Lending to self-employed mortgage applicants is expected to increase by 67% over the next five years – from £20.9 billion in 2023 to £34.8 billion in 2029.
This is evident from the Residential Property Market Report from specialist lender Together.
With the number of self-employed people having already risen from 3.2 million to 4.3 million over the past two decades, including a further 183,000 in the first quarter of 20242, Together’s research highlights the growing need for support that aspiring self-employed homeowners need in gaining access to financing. and the challenges this group faces in obtaining mortgage deals from major lenders.
They may have fluctuating income levels, multiple sources of income, or may not be able to provide proof of income, putting them outside the normal criteria for a loan.
According to new research from Together, a fifth (22%) of rejected mortgage applicants who would be classified as ‘non-standard’ were rejected because they were self-employed and 10% said this was due to having sporadic income.
The challenges faced by the growing number of self-employed people have meant that only 5% of self-employed mortgage applicants have been successful in the last 12 months3.
However, the changing nature of society and work and lifestyle patterns mean that the sector is likely to continue to grow in the coming years. In fact, this year, from April to June 2024, there was a year-on-year increase in the number of full-time self-employed people, which Together has also seen reflected internally in increased demand for home loans.

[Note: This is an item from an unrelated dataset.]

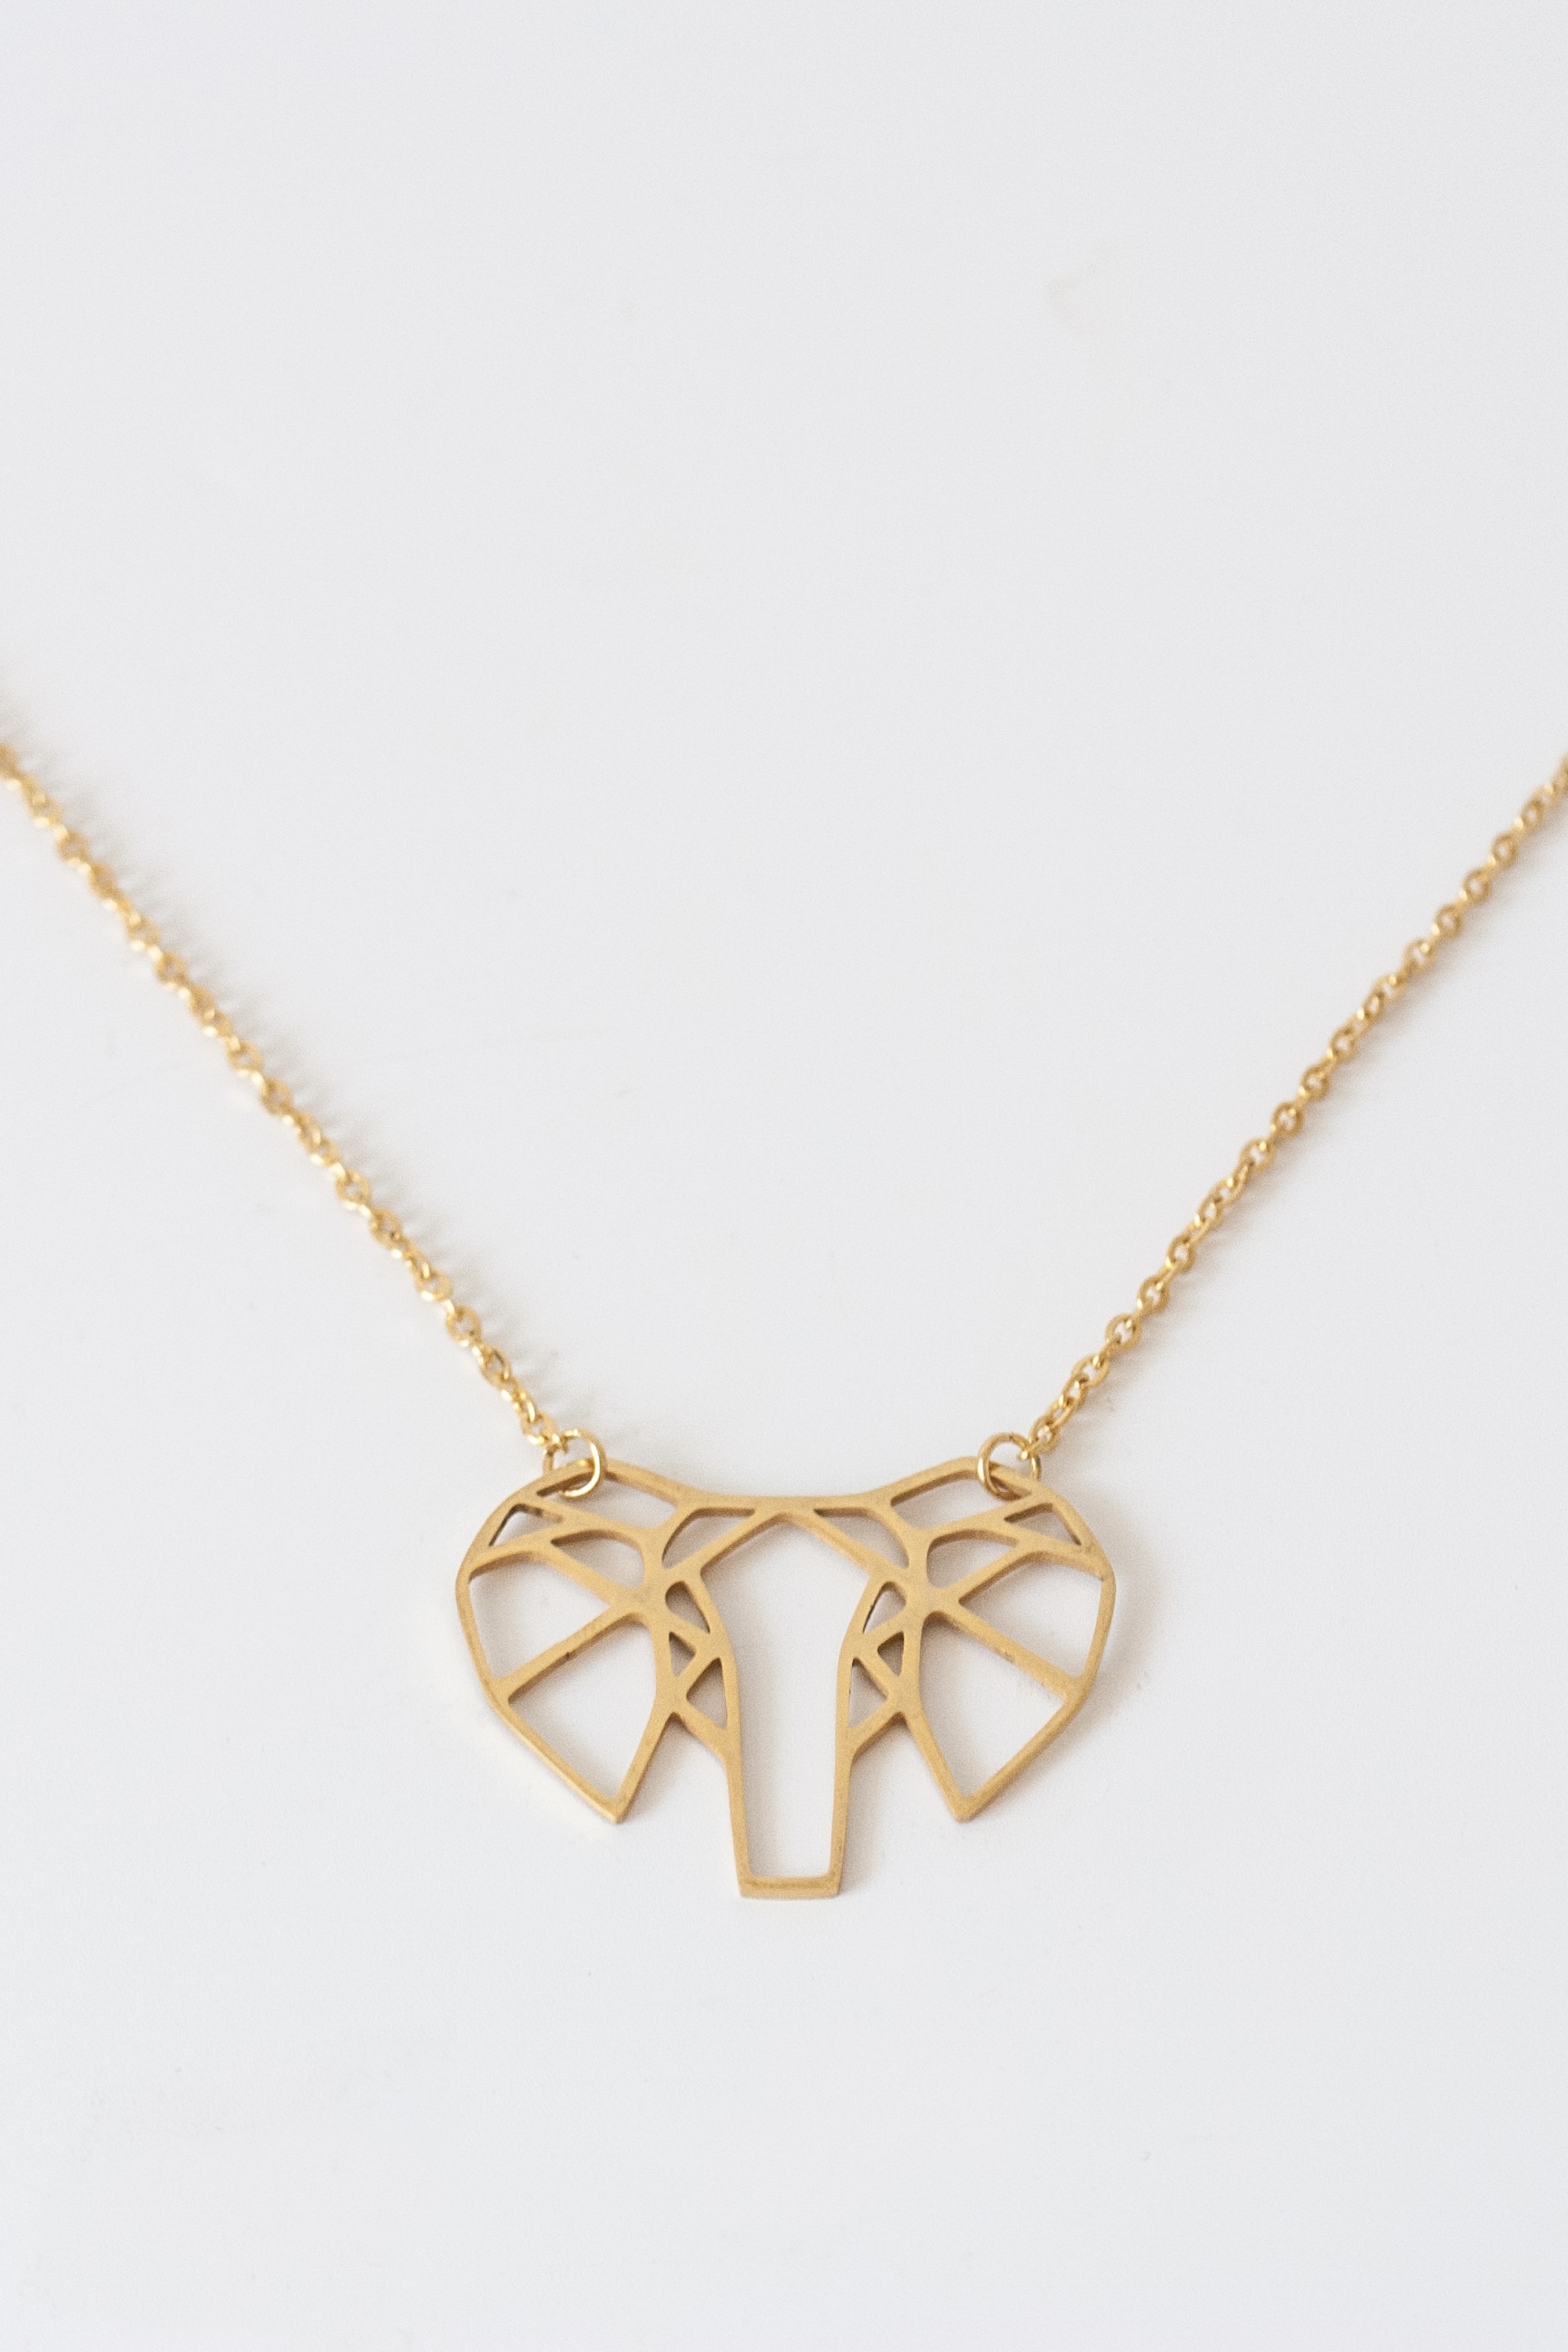  Origami Elephant Necklace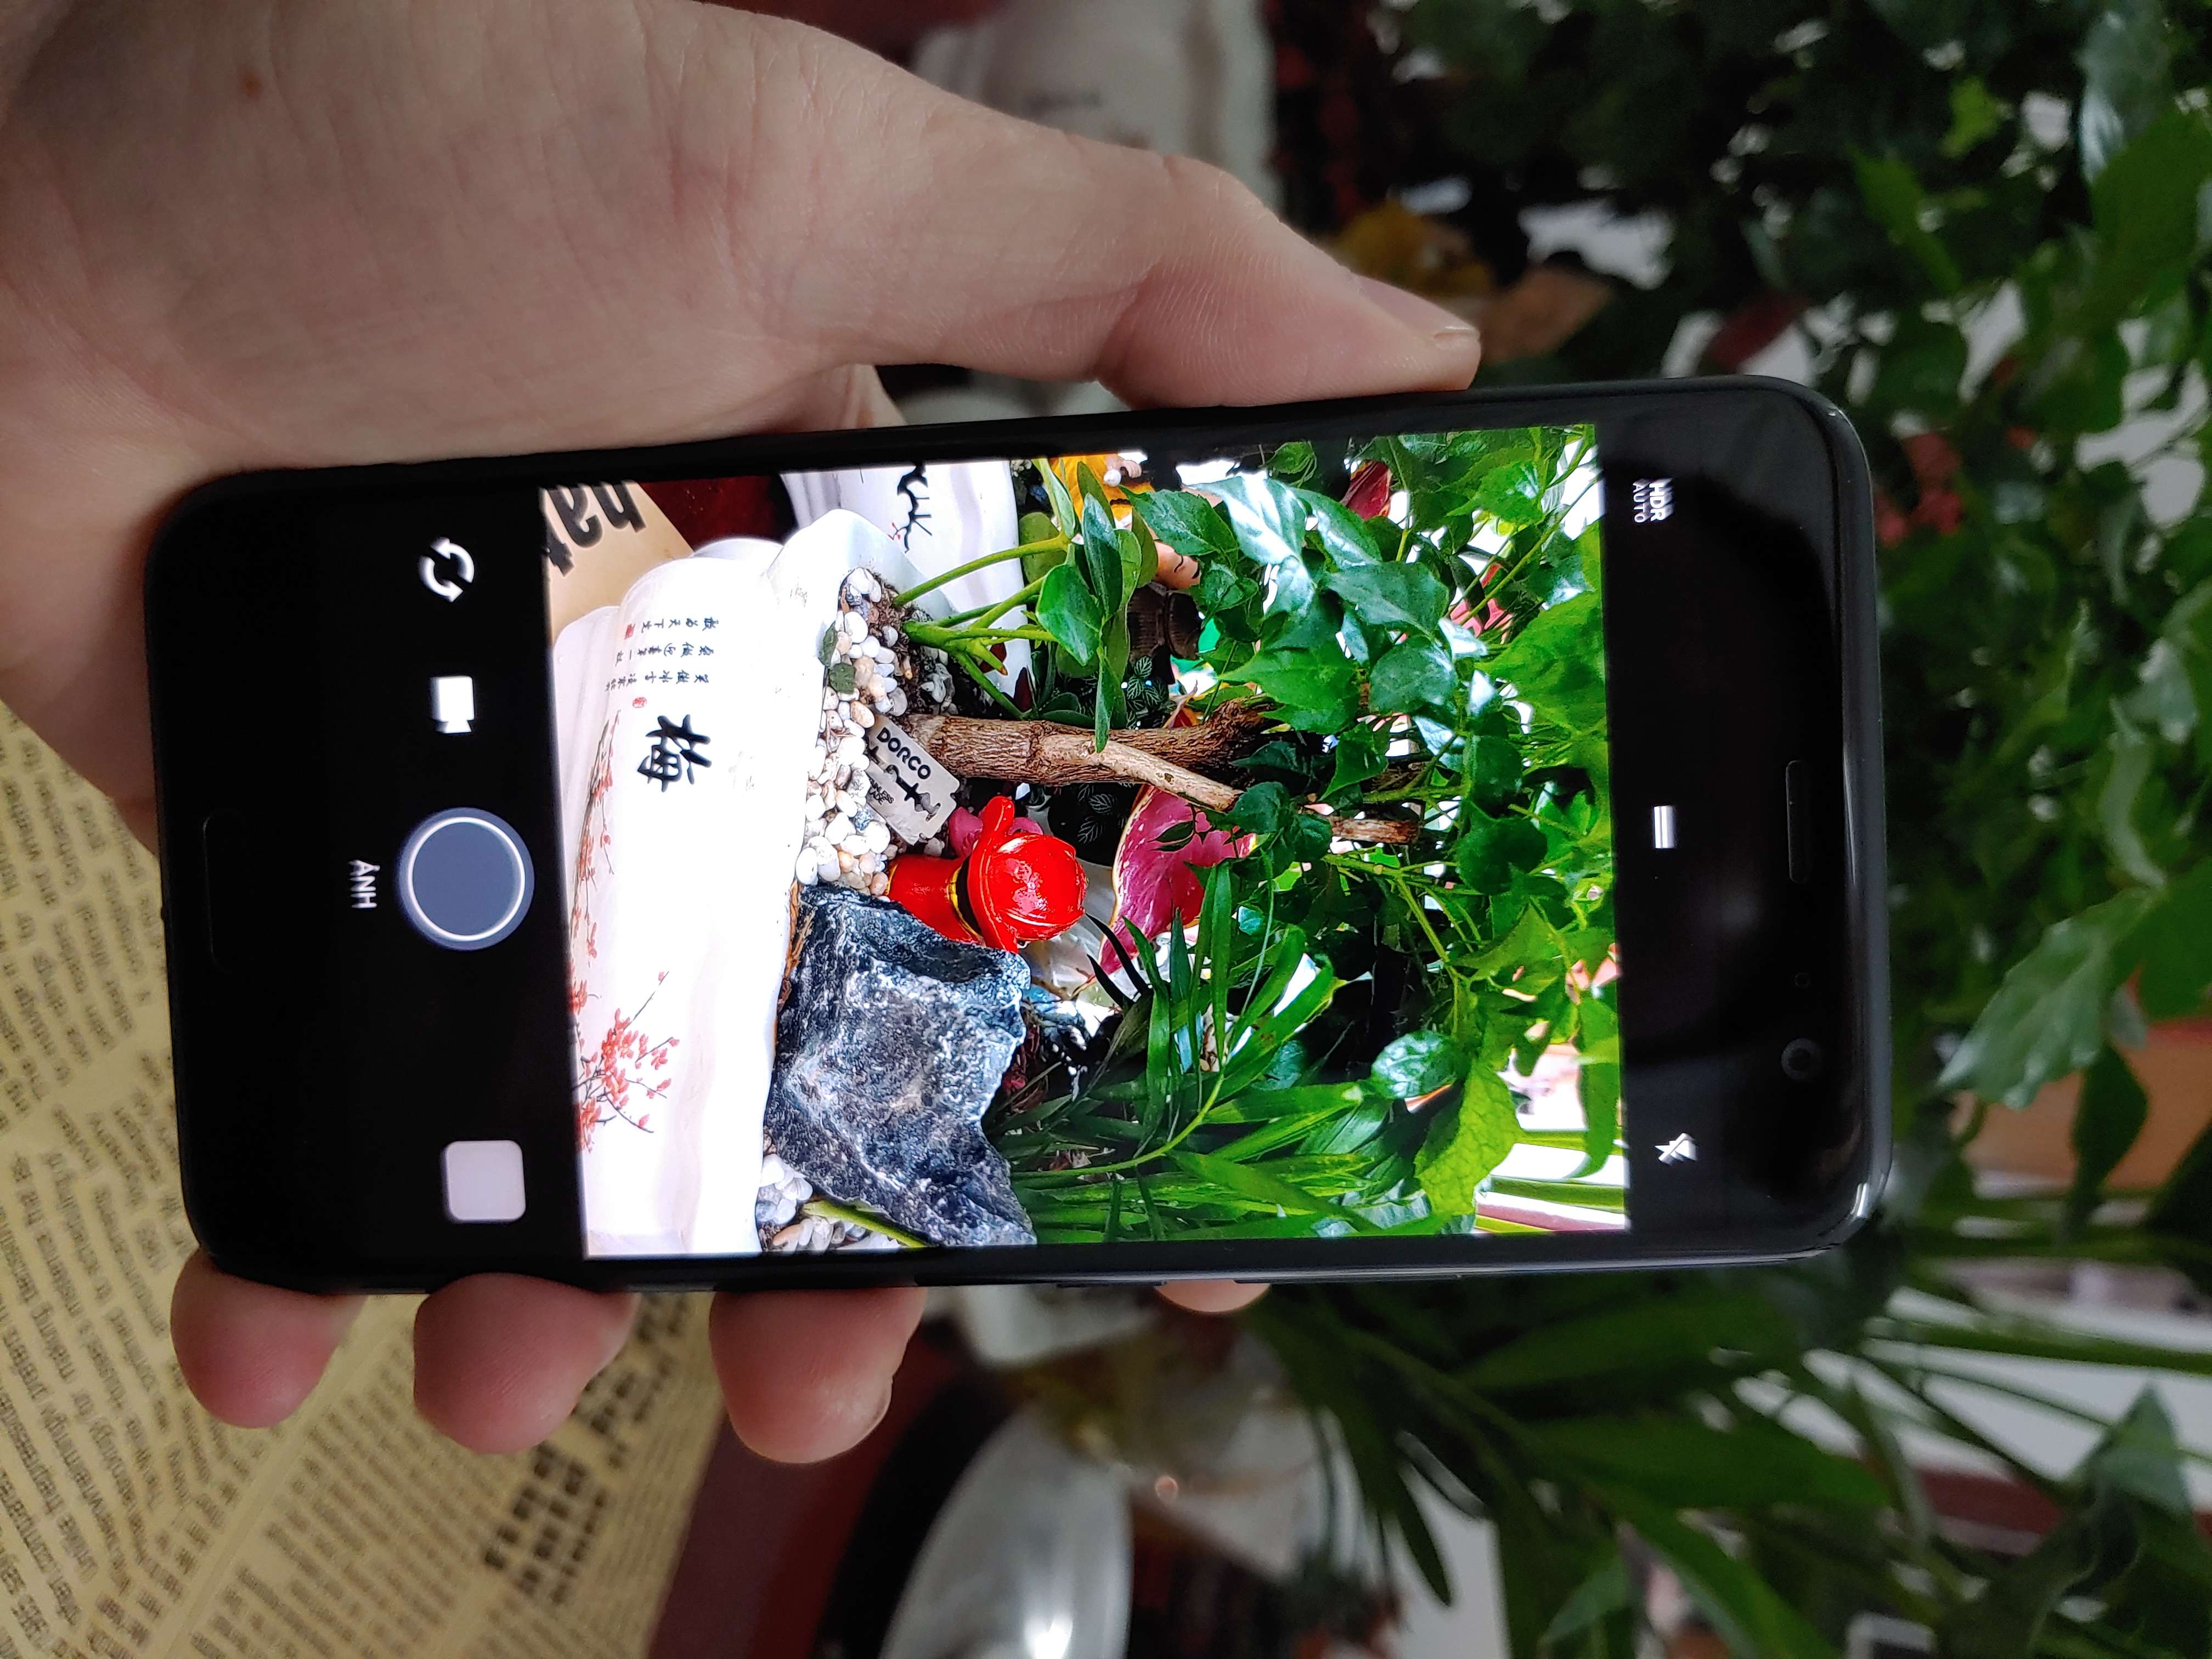 Điện thoại HTC U11 bản 2 sim, Ram 4gb/64gb, Snapdragon 835, chân sạc xấu giá rẻ cực ngon

This is in line with a wider trend, with the number of homeowners and potential homeowners facing ‘non-standard’ situations rising nationally – highlighting the need for a more flexible approach from the sector to help non-standard applicants.
A third (29%) said greater flexibility in mortgage repayments, including the ability to overpay or underpay, would improve their mortgage application experience. And 14% said it would be very helpful if lenders standardized the definition and criteria for non-standard applicants.
John Barker, CEO of Personal Finance, commented: “During economic downturns, the tendency for mainstream lenders to rethink their strategies will lead to a more cautious or risk-averse environment. This in turn will always be more beneficial to working borrowers with a perfect credit history than, for example, loans to the self-employed or those with past credit problems – even if the latter can make a larger deposit.”
He added: “As more and more people find themselves as sole traders, freelancers, side hustlers or majority shareholders, what is needed is a more inclusive approach to the financial services sector, where common sense is applied to lending with applications assessed on merit – looking at the whole picture, not just your credit score or loan-to-income ratio.”